# Horse Drops His Head in Canter



## jenainy

Subbing, my friend's horse was really bad for this.
Does he throw it down? Or does he just travel with it really low. 
My friend's horse would _throw_ his head down, quite annoying.
Normally I would just squeeze him up, or if he was being really bad give him a little kick. I only rode him a few times though. And that was a few years ago!


----------



## BrinkofSunshine

He doesn't really throw his head down- he starts out fine and then a little lower then he totally just drops it and then continues on like that. My instructor says I should just "ride him through it" but I'm not entirely sure what that means as it's hard to go on when he does this. 

I've only been riding for 3 months after a 10+year absence (I stopped when I was 10), so I'm not quite sure what I'm doing just yet


----------



## Shasta1981

Sounds like he is leaning on your hands. You will need to let up on the reins every so often so that he will carry himself. He can't lean unless you are giving him something to brace against. Correct timing with more leg will help. Learning to do this will take time.


----------



## BrinkofSunshine

Shasta1981 said:


> Sounds like he is leaning on your hands. You will need to let up on the reins every so often so that he will carry himself. He can't lean unless you are giving him something to brace against. Correct timing with more leg will help. Learning to do this will take time.


Contact is one of the things I'm struggling with, since I don't totally understand when I need to have more contact and when I don't. When you say he is leaning on my hands- does that mean I'm also pulling on his mouth?


----------



## Shasta1981

Hard to know without seeing you ride, but since there is no give-and-take conversation going on you are likely pulling without realizing it. 

Contact/feel are, in my opinion, the toughest to learn and is never-ending.


----------



## Corazon Lock

Sounds just like what my Rusty used to do. He leaned on my hands at the canter and put his head down. For months of training he was doing this until we switched him from a D ring snaffle to a pelham. He respected the tougher bit (he was also very hardmouthed), and has never even attempted leaning since. 

However, I have heard that working on tons of transitions helps. Also, riding spirals and working up and down hills is supposed to help the horse build his hind end. And half-halts whenever he starts leaning. My instructor always had me pull Rusty up with one rein everytime he got heavy. This does correct them, but Rusty was an extreme lean artist.  Try those ideas.


----------



## uii

It's natural for a horse to pull his head down a little at the canter, but if it's that much, I would advise practicing really good contact at the walk and trot first, then trying it out at the canter. Good luck!


----------



## bsms

This is just FWIW, based on a sample of 1...

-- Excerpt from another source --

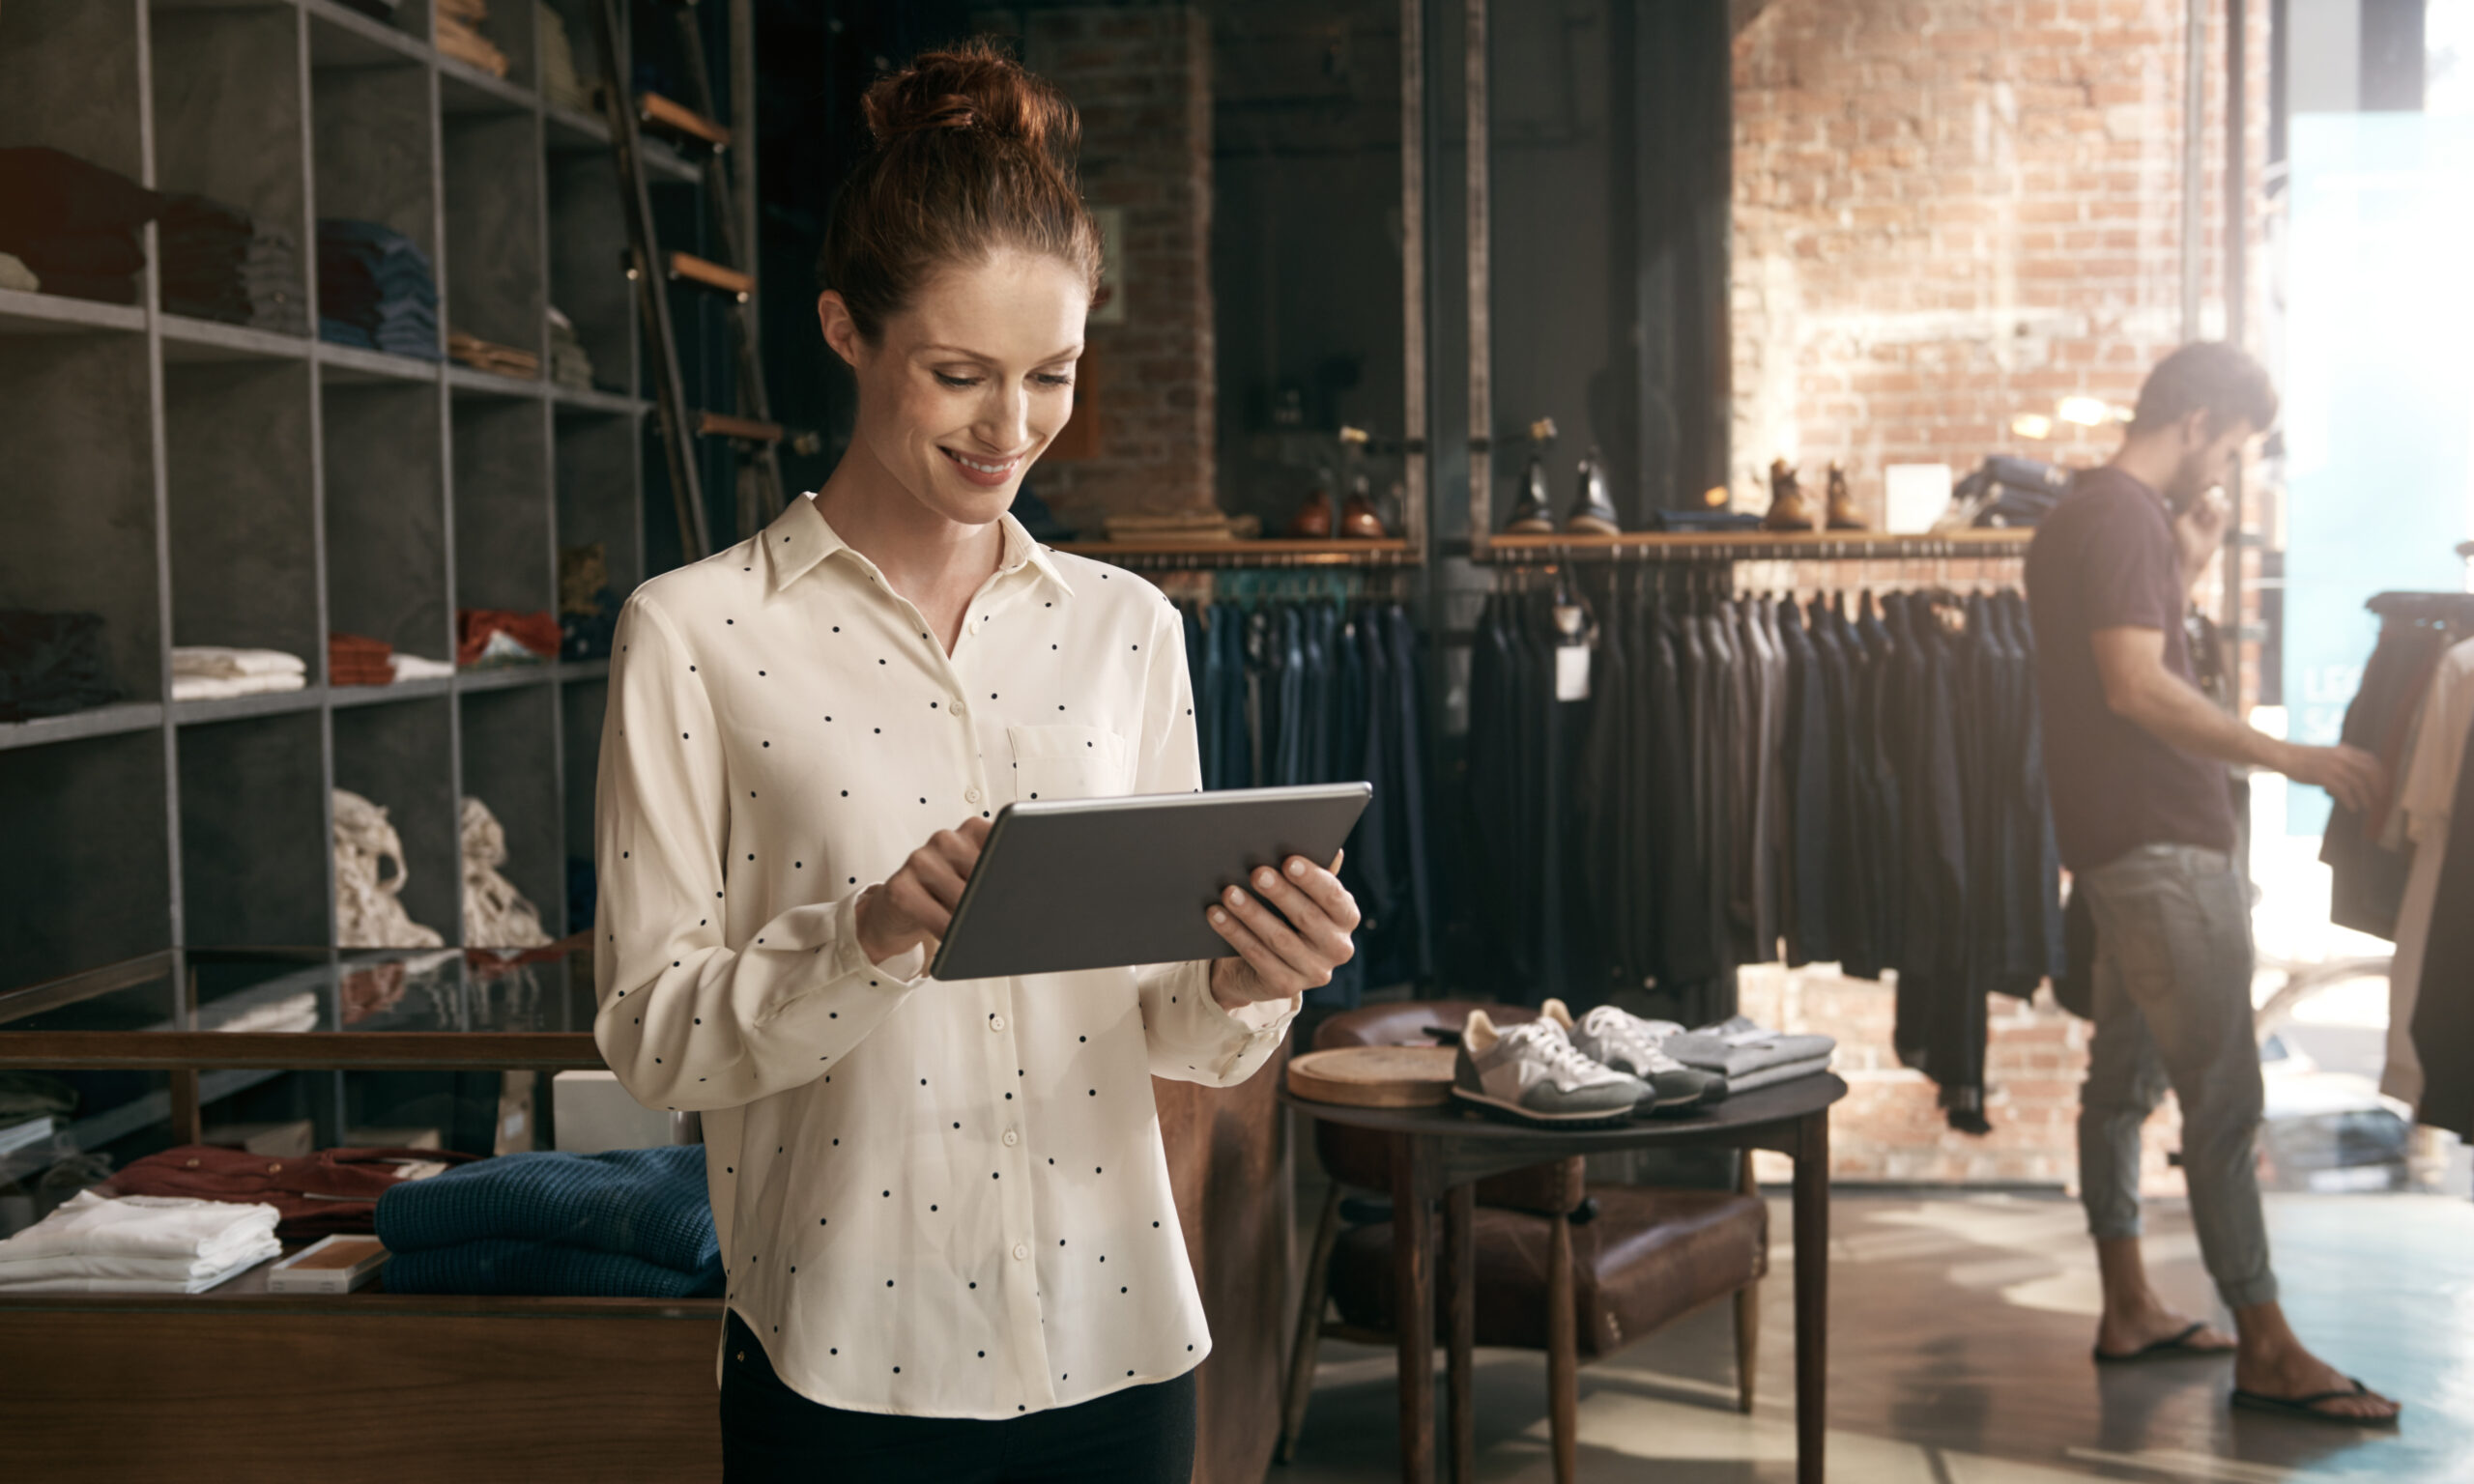 Seeing retail operations and the customer experience through retail’s digital transformation

My mare will sometimes pick up a nice, relaxed and fairly collected canter. Other times, she gets excited and goes way forward. When she does, she sometimes stretches her nose down to the ground. And I mean inches from the ground. The first time she did it, I thought something had happened to her - like a stroke or something. We were going at a fast canter, but her nose was just a few inches from the ground.

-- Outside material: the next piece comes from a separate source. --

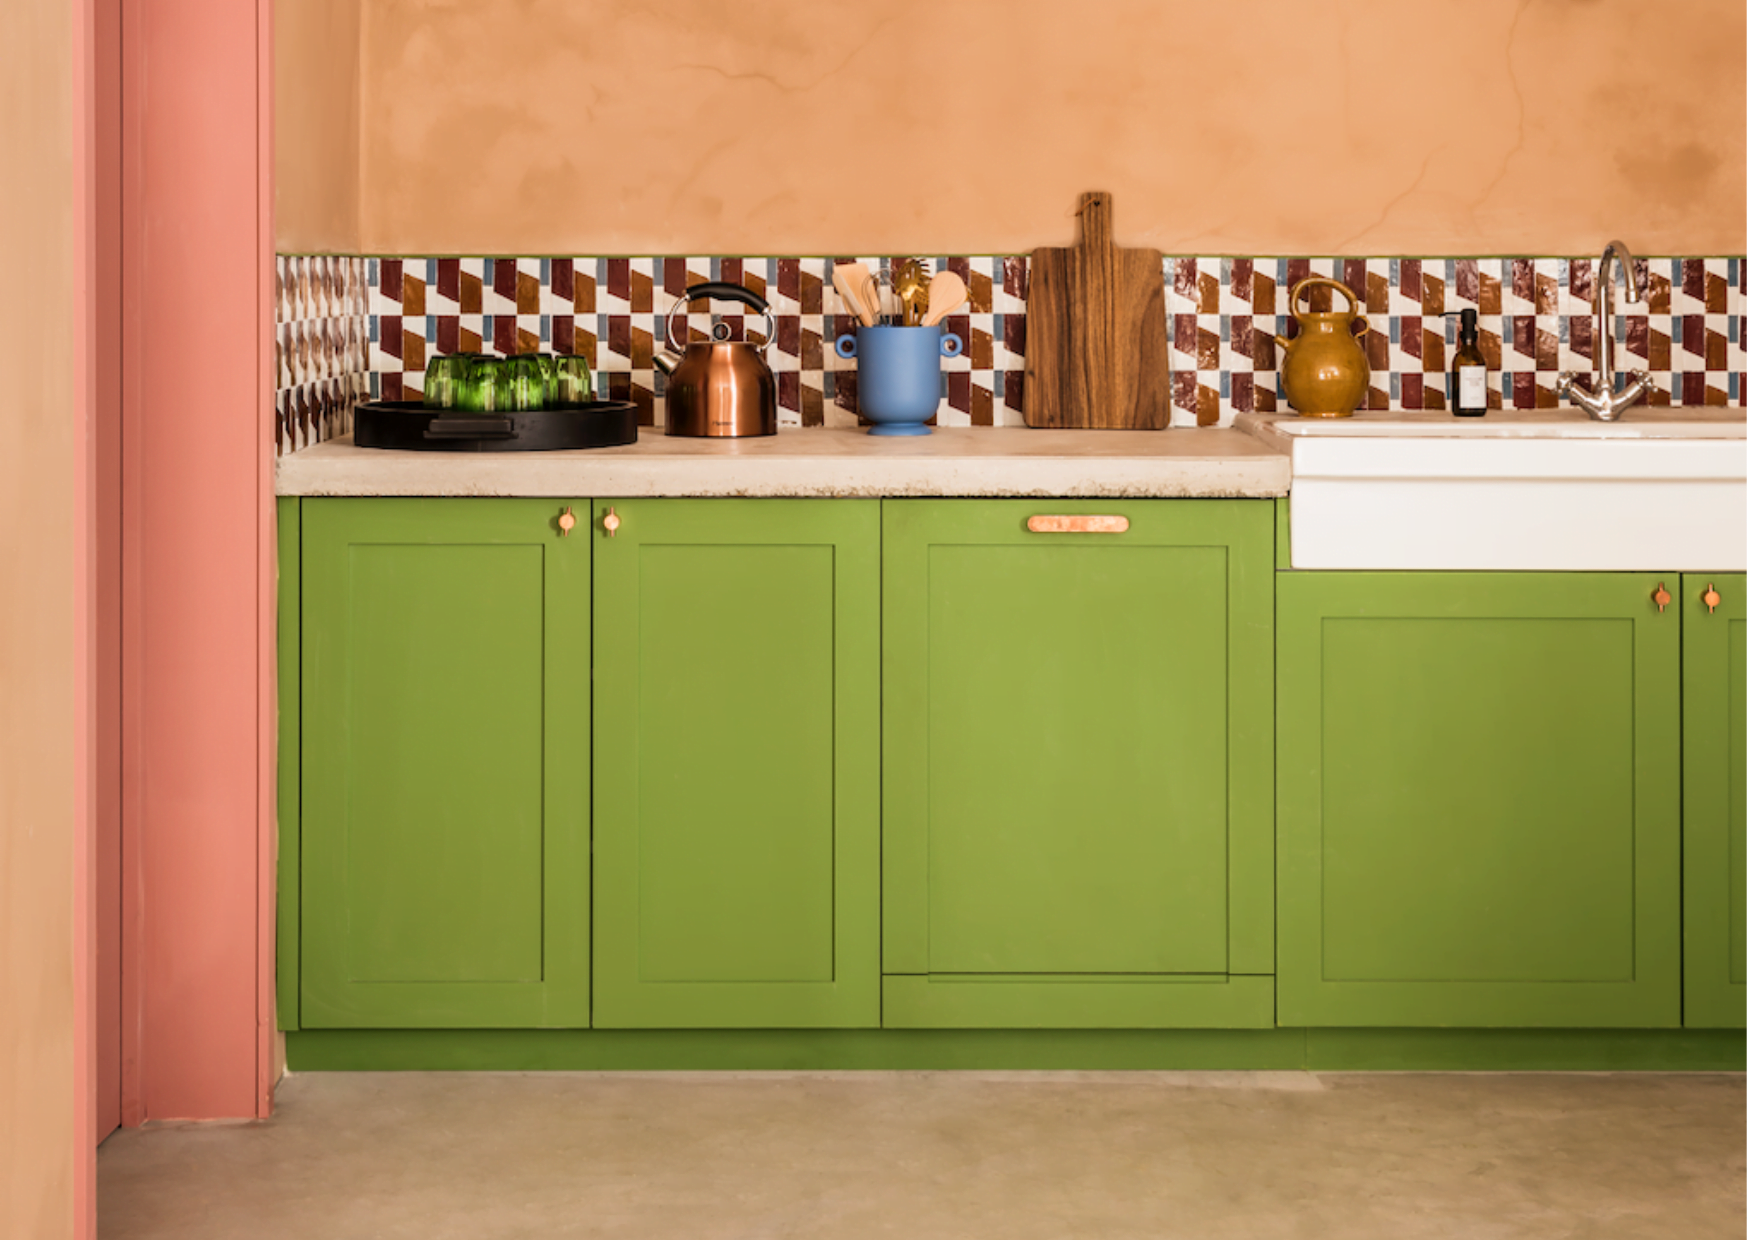 The kitchen of the holiday house at the Manufacture Royale de Lectoure: green furniture, orange wall

My other two don't do that [edit: in fact, one gelding tends to start with his head high, and THEN he moves to level], and we start the canter with slack in the reins. Also, I ride her with an Australian saddle and a western approach to using reins, altho with a simple snaffle bit. So it is NOT a case of her leaning on my hands. Not with a loose rein!

What I do is remove the slack and then pull her head up some. I try to shift MY weight to the rear, and then use whatever force I need to pull her head up to level. Then I milk the reins, very slight pressure on alternating sides in synch with her shoulder moving forward. She will then settle back, slow down some, and take up a canter about halfway between the collected canter she sometimes takes, and the very forward canter she takes the other times.

I've been thinking about it this week, and think she needs more work cantering on a lunge line - although I've never seen her put her head that low with a lunge line. I also think I need to work on shifting my weight further back. It is pretty easy to pull her neck level, so she isn't forcing the issue.

I don't know if that helps in any way. It freaked me out the first time she did it! It looks and feels really weird. Good luck!


----------